Cold War era images of empty Soviet Russia supermarket shelves still remain vivid reminders of a failed system of government. So, who would have predicted that in the 21st century, the United States of America, winner of the Cold War, would have hospital pharmacy shelves bereft of essential medications, including many of the sterile, injectable, crashcart meds we rely on during resuscitations? According to a November 2011 U.S. Government Accountability Office report (GAO-12-116), there were 1,190 drug shortages between 2001-2011 with the number increasing annually since 2006. Drug shortages have not escaped physician or public attention, and a lot of finger pointing among government agencies, manufacturers, and distributors, have made most of us feel like a parent trying to break up a loud argument between siblings: “I don’t care who started it, just stop it NOW!”

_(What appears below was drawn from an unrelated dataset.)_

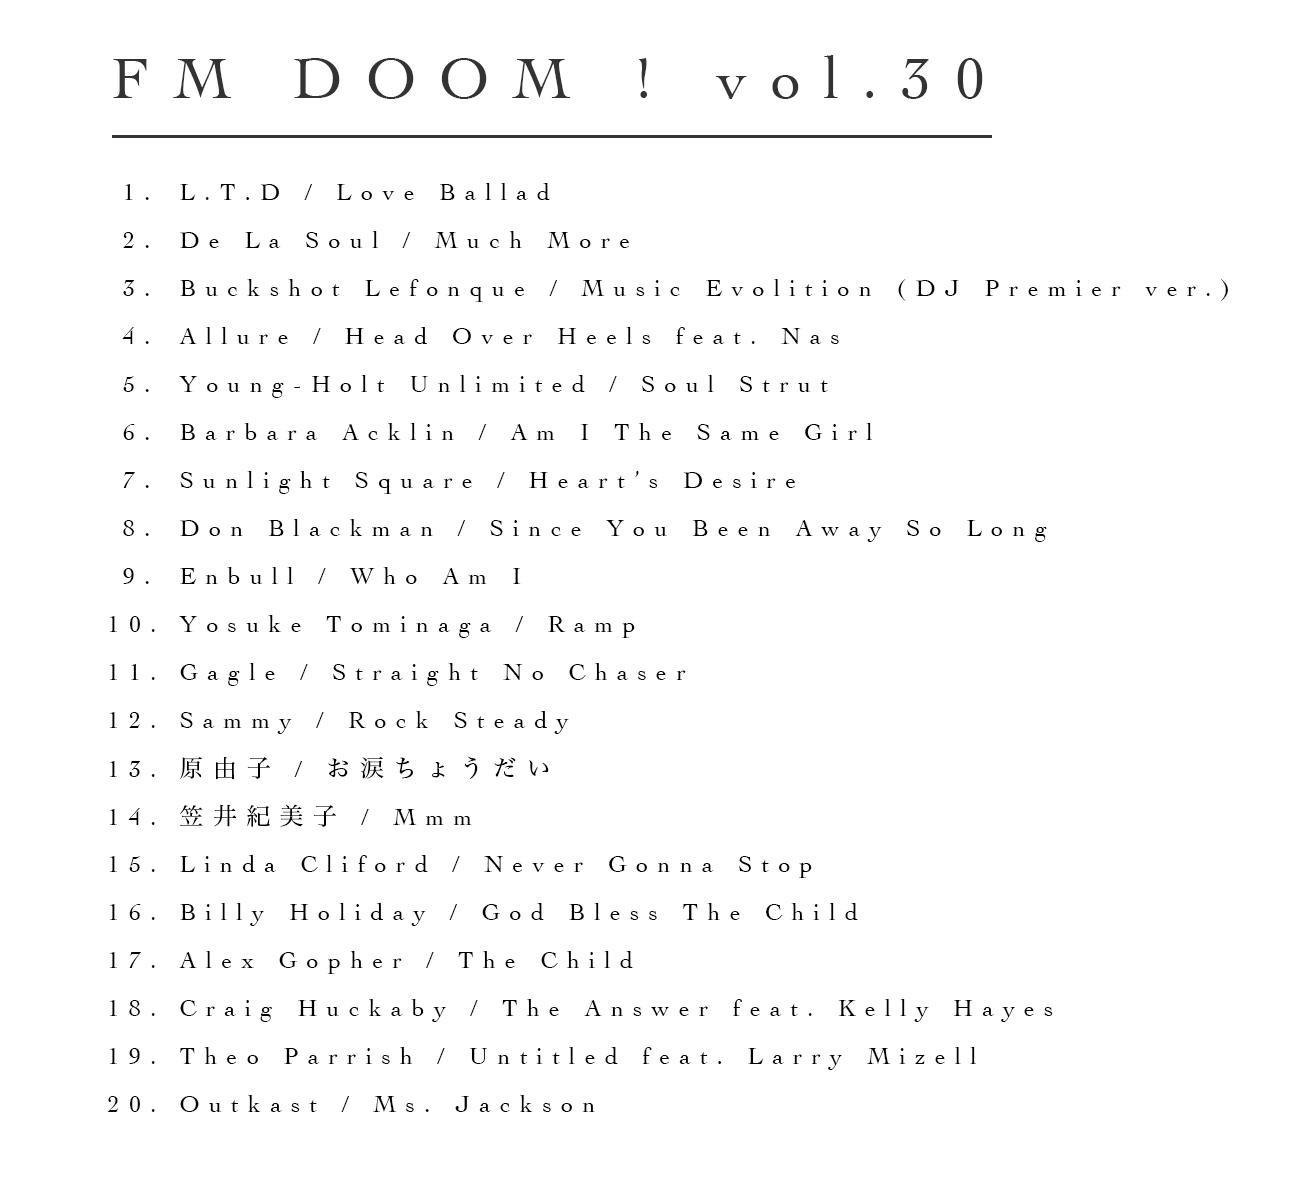 FM DOOM ! vol.30

One of the most critical types of shortages involves sterile, injectable, generic meds (such as epinephrine), accounting for more than half the shortages since 2009. During resuscitations, physicians and paramedics rely on the immediate availability of premixed, ready-to-use unit doses packaged in sealed, prefilled syringes. All such preparations must be sterile and most are generic, necessitating short expiration dates and tightly controlled inventories to maintain sterility of properly produced preparations, while contamination during the manufacturing process itself results in nationwide recalls and production halts. Because these generic medications have no patent protection and do not command the higher prices of newer, brand-name drugs, there is little incentive for manufacturers to make costly changes in production methods aimed at reducing future shortages. As noted in an August 2010 NEJM article on a shortage of propofol (2010;363[9]:806-807), most such drugs are manufactured by only two or three companies Should a manufacturer suspend or discontinue production, widespread shortages are felt immediately. Although the FDA has the authority to regulate pharmaceutical production to ensure safety, it cannot mandate continued production.
Relying on information from the Utah Drug Information Service, the GAO (http://www.gao.gov/products/GAO-14-194) found that the total number of shortages increased each year since 2007, even in years (2012, 2013) when the rate of new shortages decreased, because ongoing shortages were slow to resolve. Disturbingly, current shortages include such basics as saline, dextrose, nitroglycerin, anti-emetics, and epinephrine packaged for use in resuscitations, all affecting large numbers of patients. Manufacturer-provided information to the Utah Drug Information Service (http://www.ashp.org/DocLibrary/Policy/DrugShortages/Drug-Shortages-Statistics.pdf) regarding the reasons for shortages in 2014 indicate “manufacturing problems” were responsible for 25%, “supply/demand” for 17%, “business decisions/ discontinue” for 9%, with 47% listed as “unknown.”
What can be done to avoid shortages? First, a short list of “never event” drug shortages should be identified. For established medications and formulations too essential to be allowed to fail, the federal government should consider relaxing or delaying requirements for new, costly changes in their manufacture, or should pay for the mandated changes. The government should also consider offering incentives for pharmaceutical companies to continue producing critically-needed, low-profit generics that require costly manufacturing changes, perhaps by extending patent protection for one of the company’s more profitable products. As a last resort, the government should consider manufacturing the medication itself.
In the almost 15 years since an Annals of Emergency Medicine article appeared on “the challenge of drug shortages for emergency medicine” (2002;40[8]:598-602),—enough time for three Soviet-style “5 year plans”—new shortages and their deleterious effects on patient care have continued.